# [WHAT YOU HAVE TO DO]
Range to repeat from the listing below: the line containing "micro-structured surface having" down to the line containing "This marks Macon's", both included. Copy it exactly, pictures excluded, and add nothing else.

RECORDS SUPPLIED Block Start

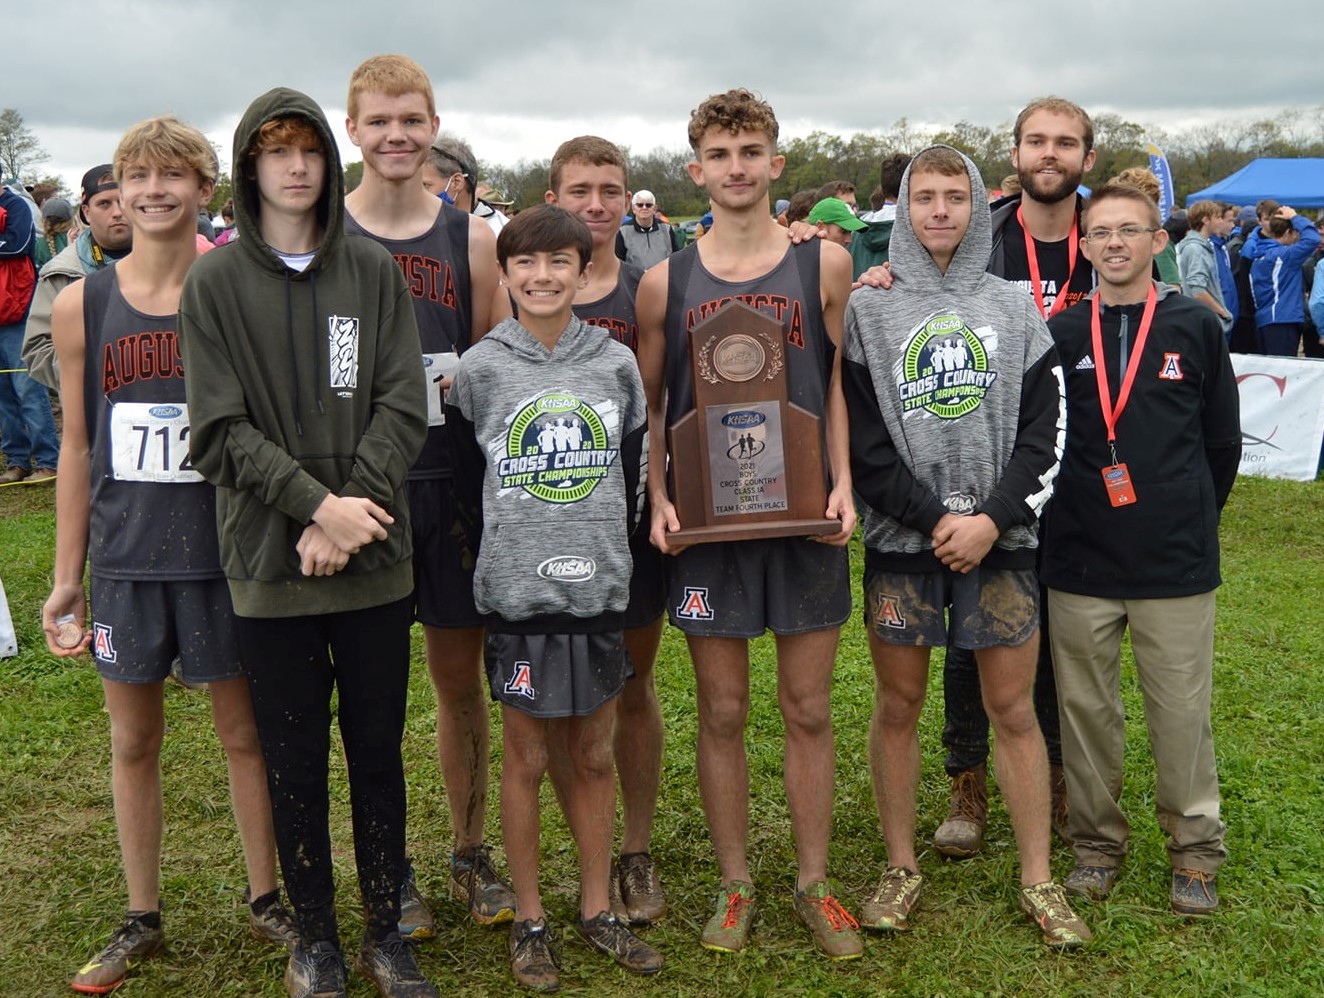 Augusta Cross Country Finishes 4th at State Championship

RECORDS SUPPLIED Block End
RECORDS SUPPLIED Block Start

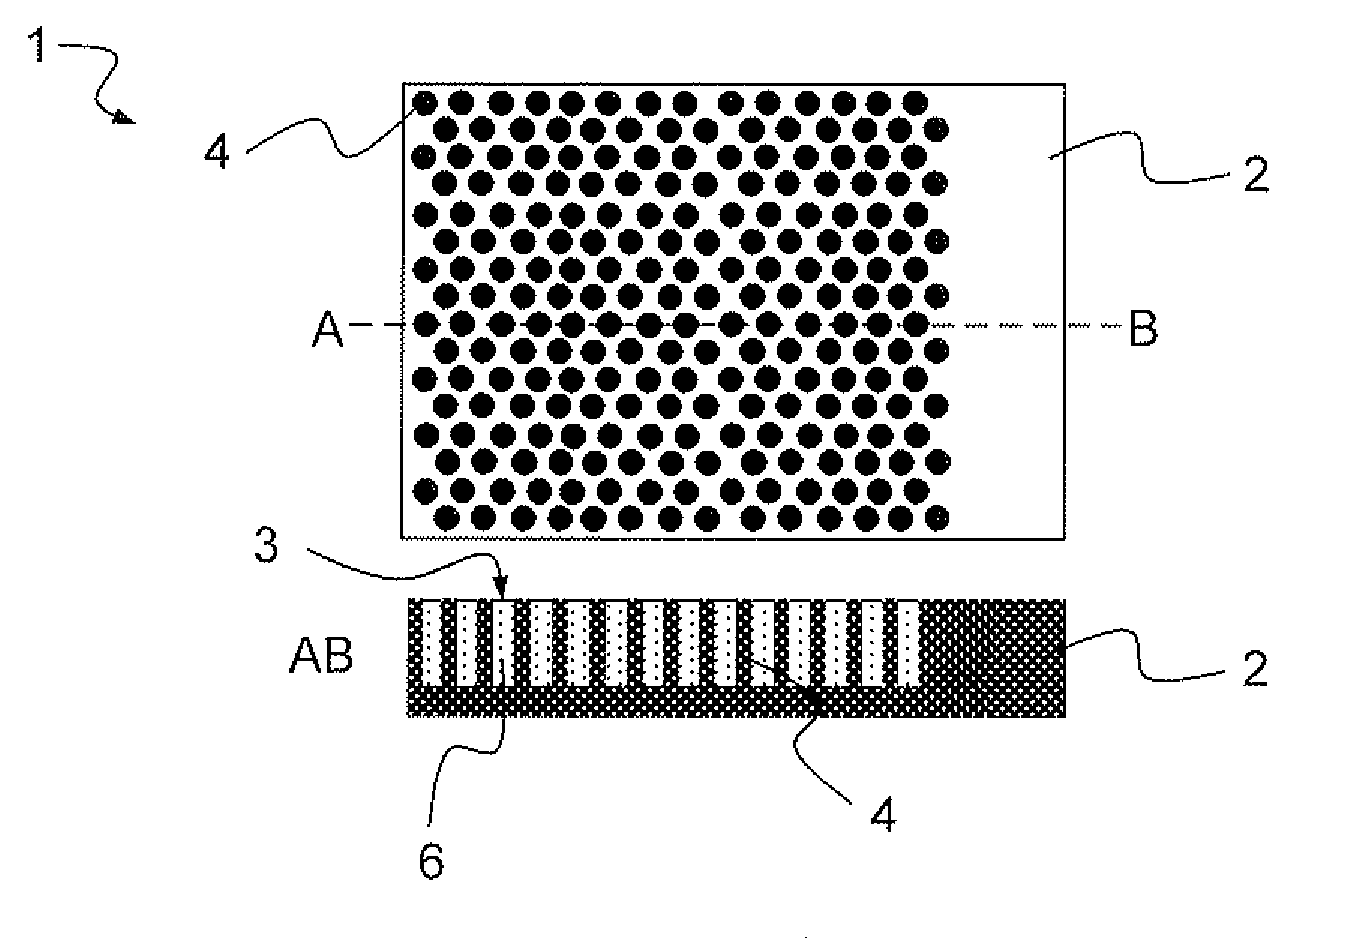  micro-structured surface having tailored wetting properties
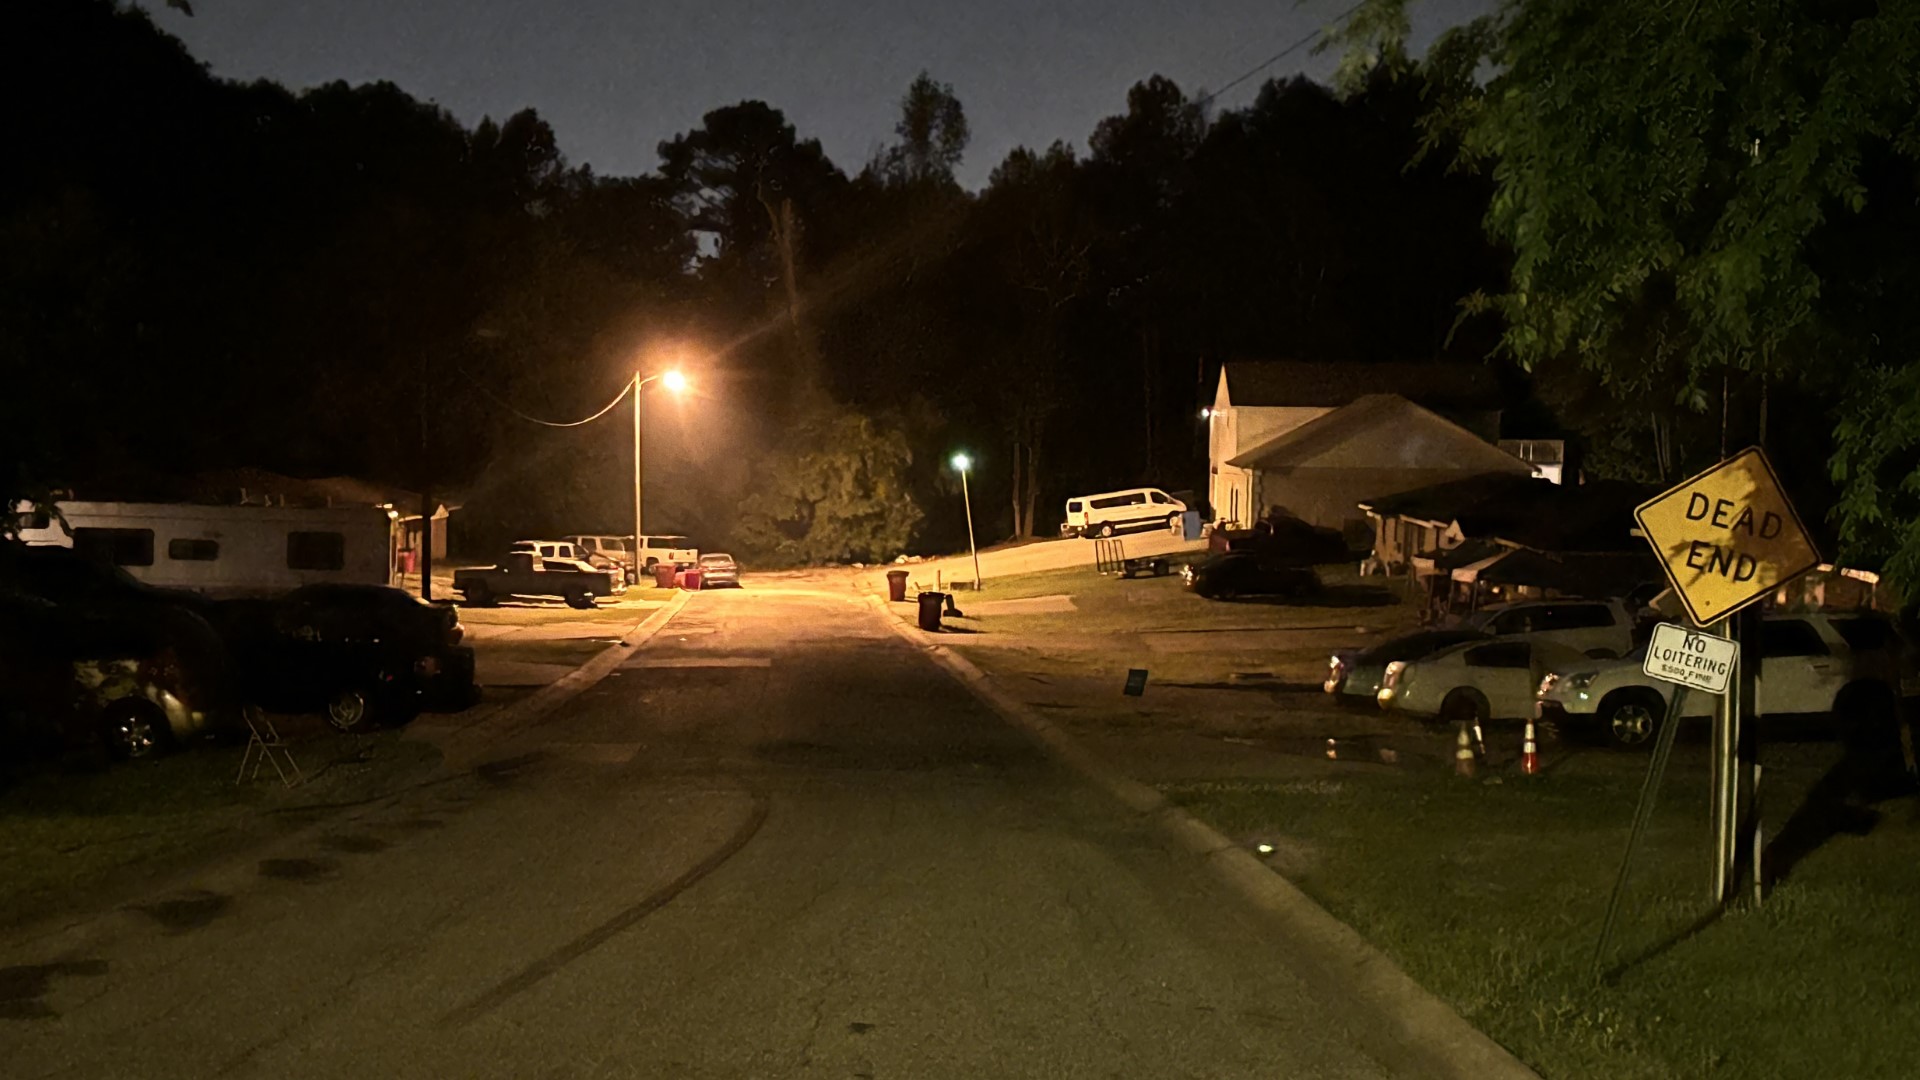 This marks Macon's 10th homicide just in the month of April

RECORDS SUPPLIED Block End

# [ANSWER SECTION]
  micro-structured surface having tailored wetting properties
 This marks Macon's 10th homicide just in the month of April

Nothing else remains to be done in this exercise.